Author: David L. Pike
Publisher: Cornell University Press
Published: 2018-09-05
Total Pages: 312
ISBN-13: 1501729470
DOWNLOAD EBOOKTaking the culturally resonant motif of the descent to the underworld as his guiding thread, David L. Pike traces the interplay between myth and history in medieval and modernist literature. Passage through Hell suggests new approaches to the practice of comparative literature, and a possible escape from the current morass of competing critical schools and ideologies. Pike's readings of Louis Ferdinand Céline and Walter Benjamin reveal the tensions at work in the modern appropriation of structures derived from ancient and medieval descents. His book shows how these structures were redefined in modernism and persist in contemporary critical practice. In order to recover the historical corpus of modernism, he asserts, it is necessary to acknowledge the attraction that medieval forms and motifs held for modernist literature and theory. By pairing the writings of the postwar German dramatist and novelist Peter Weiss with Dante's Commedia, and Christine de Pizan with Virginia Woolf, Pike argues for a new level of complexity in the relation between medieval and modern poetics. Pike's supple and persuasive reading of the Commedia resituates that text within the contradictions of medieval tradition. He contends that the Dantean allegory of conversion, altered to suit the exigencies of modernism, maintains its hold over current literature and theory. The postwar writers Pike treats—Weiss, Seamus Heaney, and Derek Walcott—exemplify alternate strategies for negotiating the legacy of modernism.
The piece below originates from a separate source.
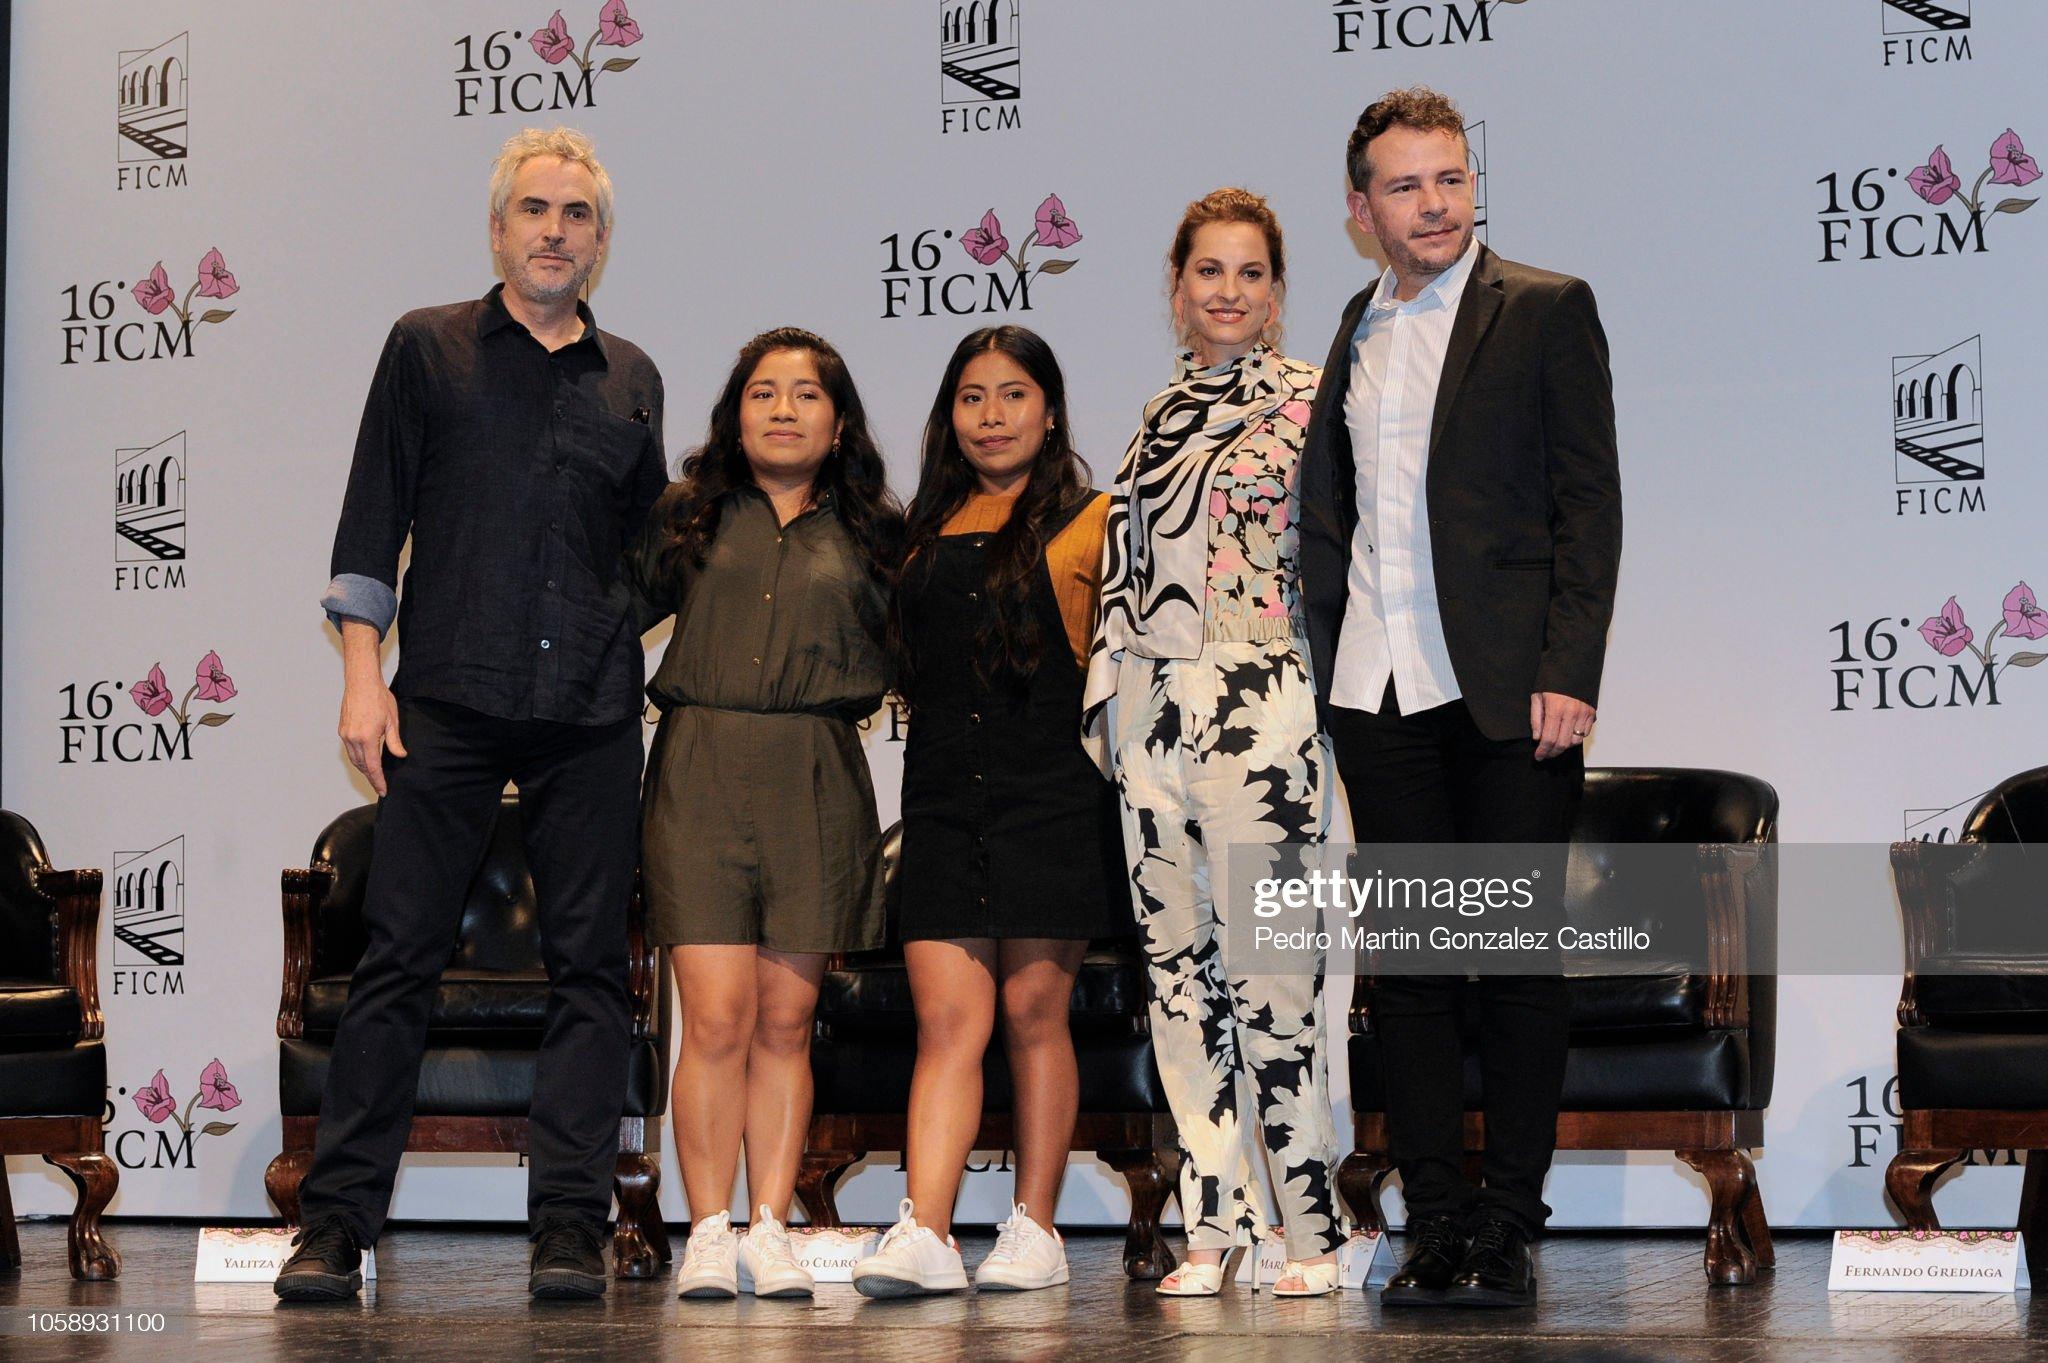 ¿Cuánto mide Nancy García? - Altura - Real height Alfonso-cuarn-nancy-garcia-yalitza-aparicio-marina-de-tavira-and-picture-id1058931100?s=2048x2048

The passage through hell emerges as a way of disentangling images of the past from their interpretation in the present.
Author: Joseph B. Fowler
Publisher: Forgotten Books
Published: 2018-01-30
Total Pages: 112
ISBN-13: 9780267231638
DOWNLOAD EBOOKExcerpt from Descensus Averno and Other Poems N ow rising high, revealing by their glare The dreary realms of sorrow and despair; Now falling low, and darkening, as they fall Hell's gloomy plains and loathsome caverns all Expectant, mute and motionless, alone In solemn state upon his ebon throne Beelzebub, the Prince of Hell, awaits With anxious gaze toward the frowning gates, The coming, long delayed, of Satan; him Whose lordly presence in these regions dim Serves every fear among his hosts to quell; Whose lengthened absence makes a void in hell. About the Publisher Forgotten Books publishes hundreds of thousands of rare and classic books. Find more at www.forgottenbooks.com This book is a reproduction of an important historical work. Forgotten Books uses state-of-the-art technology to digitally reconstruct the work, preserving the original format whilst repairing imperfections present in the aged copy. In rare cases, an imperfection in the original, such as a blemish or missing page, may be replicated in our edition. We do, however, repair the vast majority of imperfections successfully; any imperfections that remain are intentionally left to preserve the state of such historical works.